Он и Лида идут по ночному лагерю. Входят в его маленький домик. Он расстилает постель. Вставляет ключ в замочную скважину:

– Закроешься изнутри и спи спокойно до утра.

– А ты? – Лида подходит, кладет ему руки на плечи.

– Пойду в какой-нибудь отряд, лягу на свободное место.

– Никуда ты не пойдешь… – еле слышно шепчет Лида.

Она закрывает дверь на ключ. Вынимает ключ из скважины, кладет на стол:

– Не хочу ждать до августа, понимаешь?

– Понимаю…

Он подходит к ней и говорит очень тихо и серьезно:

– Только я не знаю, как все это делается. Вдруг что не так.

– Дурачок мой, – Лида целует его. – Как будто я знаю.
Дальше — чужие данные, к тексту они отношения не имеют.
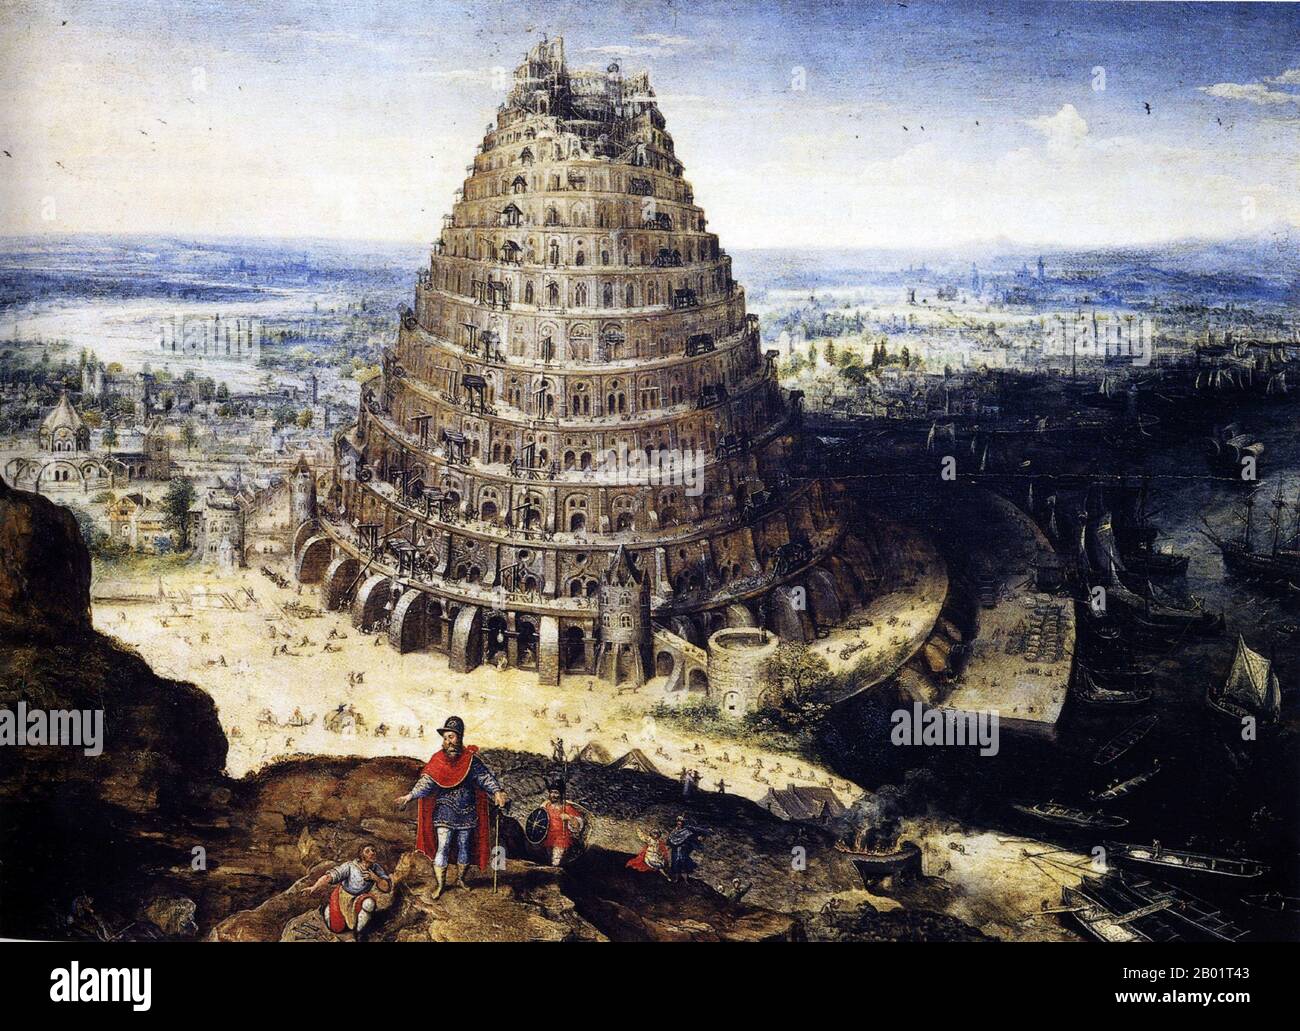 Belgien/Irak/Mesopotamien: "Der Turm von Babel". Öl auf Tafelgemälde von Lucas Van Valckenborch (1535 - 2. Februar 1597), 1594. Der Turm von Babel war nach dem Buch Genesis ein riesiger Turm, der in der Ebene von Shinar errichtet wurde. Nach der biblischen Erzählung kam eine vereinte Menschheit der Generationen nach der Großen Flut, die eine einzige Sprache sprach und aus dem Osten auswanderte, ins Land Shinar, wo sie beschlossen, eine Stadt mit einem Turm zu bauen, „mit seiner Spitze im Himmel... damit wir nicht auf der Erde verstreut werden“. Stockfoto

Они обнимаются. Камера фиксирует ласковые ненавязчивые движения рук, снимающих одежду, его губы, целующие ее шею, грудь, живот, бедра, поднимающих ее и кладущих на расстеленную постель. Затемнение.

***
Нонкент. Май 1971 г.

Машина скорой помощи несется по городским улицам. Внутри в салоне Лида и Виктор. Он держит ее за руку, гладит руки, плечи, лицо, целует.

– Родная моя, все будет хорошо, вот посмотришь. Только ты ни о чем не думай…

– Витя… – говорить ей тяжело, на лбу появляются капельки пота. – Если… Со мной что-нибудь… а ребенок выживет… ты не женись сразу… ладно?!

– Выбрось из головы, начиталась Толстого, ты не жена Болконского и сейчас, в конце концов, не начало девятнадцатого века, – пытается успокоить жену Градов.

– Родной мой… не знаю, что со мной… мне кажется… я вижу тебя в последний раз… – в изнеможении Лида закрывает глаза.

«Скорая помощь» въезжает во двор родильного дома. Уже стемнело. Виктор помогает Лиде выйти из машины, поддерживает ее за руку. Лида делает несколько шагов, спотыкается. Виктор успевает подхватить ее на свои руки, несет в приемный покой. Там ее сразу забирают врачи. Виктор ходит взад-вперед по приемному покою. Появляется пожилая нянечка:

– Чего маешься, сынок?

– Жена вот рожает, – Виктор кивает головой в сторону родительного отделения.

– Тут все рожают. Твоя худенькая такая, только что привезли? – спрашивает нянечка.

– Да, Лида, – нежно произносит Виктор.

– Иди домой, сынок, смена дежурит хорошая, не волнуйся, приходи утром, – убеждает нянечка.

Виктор отправляется на переговорный пункт, заказывает Москву.

– Алло, мама?! Да, я. Лиду положили рожать. Да, двенадцатый роддом. Схватки начались, ночью должна родить. Завтра прилетишь? Спасибо, жду.

Утро. Виктор с огромным букетом гвоздик, пакетом с кефиром и фруктами заходит в приемный покой родильного дома. Стучит в окошечко.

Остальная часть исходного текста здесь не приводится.